More importantly, our strategy leads to data-efficient generalization of medical imaging models, matching strong supervised baselines resulting in a 3–100x reduction in the need for retraining data. While SimCLR is the primary self-supervised learning approach used in the study, we also show that REMEDIS is compatible with other approaches, such as MoCo-V2, RELIC and Barlow Twins. Furthermore, the approach works across model architecture sizes.

REMEDIS outperformed the supervised baseline pre-trained on JFT-300M for various medical tasks and demonstrated improved data-efficient generalization, reducing data needs by 3–100x for adapting models to new clinical settings. This could potentially translate to significant reduction in clinician hours saved annotating data and cost of developing robust medical imaging systems.
REMEDIS is compatible with MoCo-V2, RELIC and Barlow Twins as alternate self-supervised learning strategies. All the REMEDIS variants lead to data-efficient generalization improvements over the strong supervised baseline for dermatology condition classification (T1), diabetic macular edema classification (T2), and chest X-ray condition classification (T3). The gray shaded area indicates the performance of the strong supervised baseline pre-trained on JFT.
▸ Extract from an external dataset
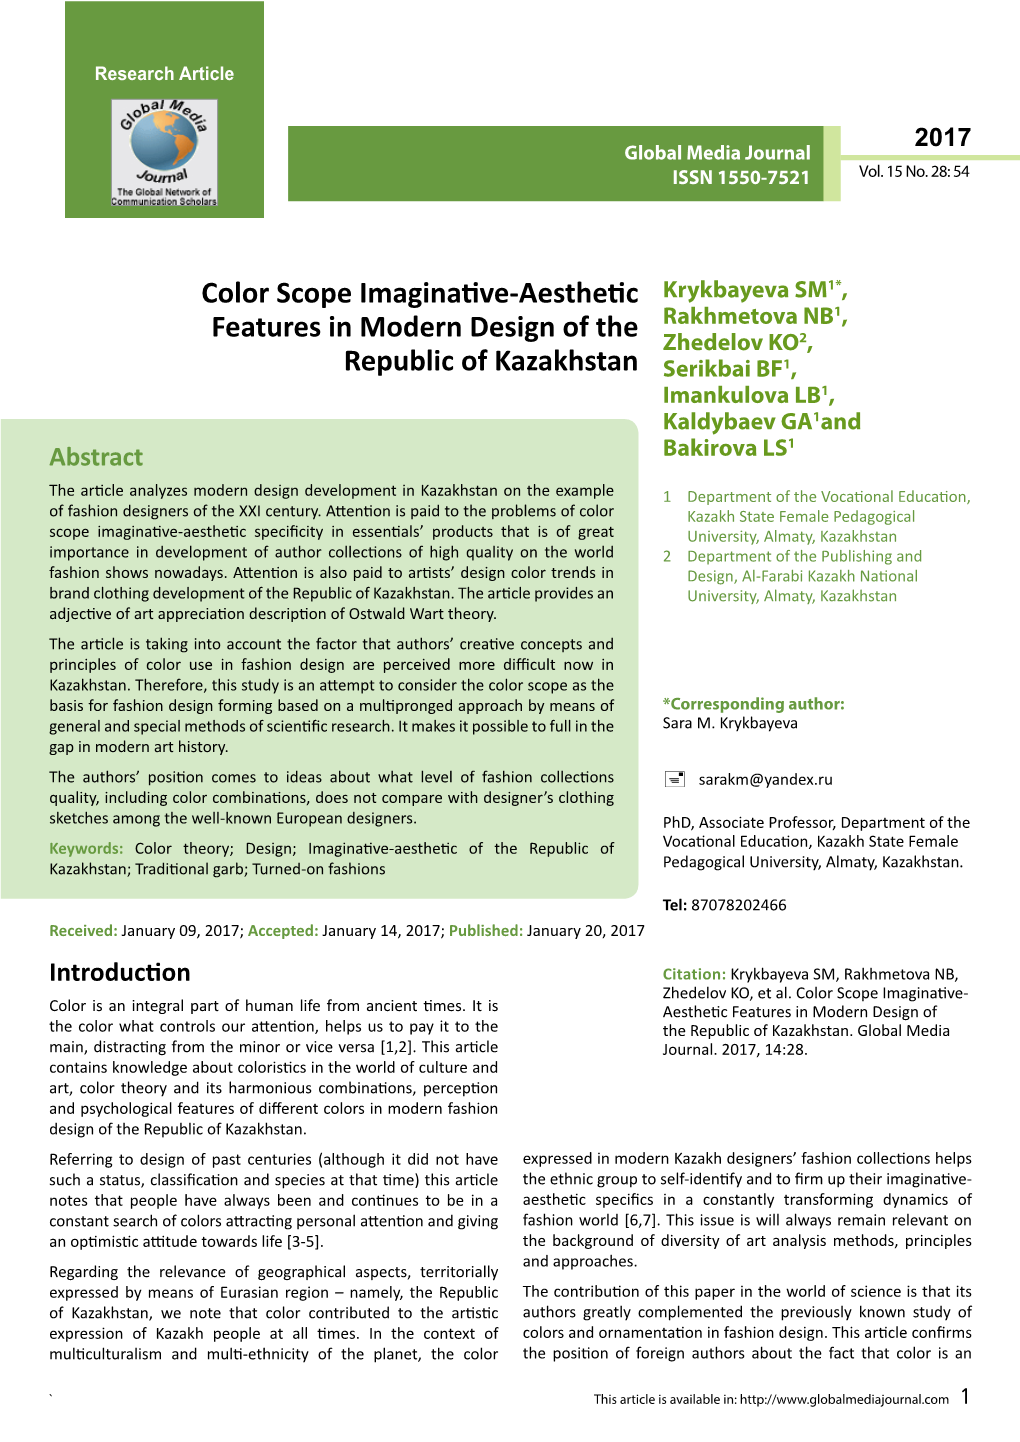 Color Scope Imaginative-Aesthetic Features in Modern Design of The

Medical AI Research Foundations

Building on REMEDIS, we are excited to announce Medical AI Research Foundations, an expansion of the public release of chest X-ray Foundations in 2022. Medical AI Research Foundations is a repository of open-source medical foundation models hosted by PhysioNet. This expands the previous API-based approach to also encompass non-diagnostic models, to help researchers and developers accelerate their medical AI research. We believe that REMEDIS and the release of the Medical AI Research Foundations are a step toward building medical models that can generalize across healthcare settings and tasks.

We are seeding Medical AI Research Foundations with REMEDIS models for chest X-ray and pathology (with related code). Whereas the existing chest X-ray Foundation approach focuses on providing frozen embeddings for application-specific fine tuning from a model trained on several large private datasets, the REMEDIS models (trained on public datasets) enable users to fine-tune end-to-end for their application, and to run on local devices. We recommend users test different approaches based on their unique needs for their desired application. We expect to add more models and resources for training medical foundation models such as datasets and benchmarks in the future. We also welcome the medical AI research community to contribute to this.

Conclusion

These results suggest that REMEDIS has the potential to significantly accelerate the development of ML systems for medical imaging, which can preserve their strong performance when deployed in a variety of changing contexts. We believe this is an important step forward for medical imaging AI to deliver a broad impact. Beyond the experimental results presented, the approach and insights described here have been integrated into several of Google’s medical imaging research projects, such as dermatology, mammography and radiology among others. We’re using a similar self-supervised learning approach with our non-imaging foundation model efforts, such as Med-PaLM and Med-PaLM 2.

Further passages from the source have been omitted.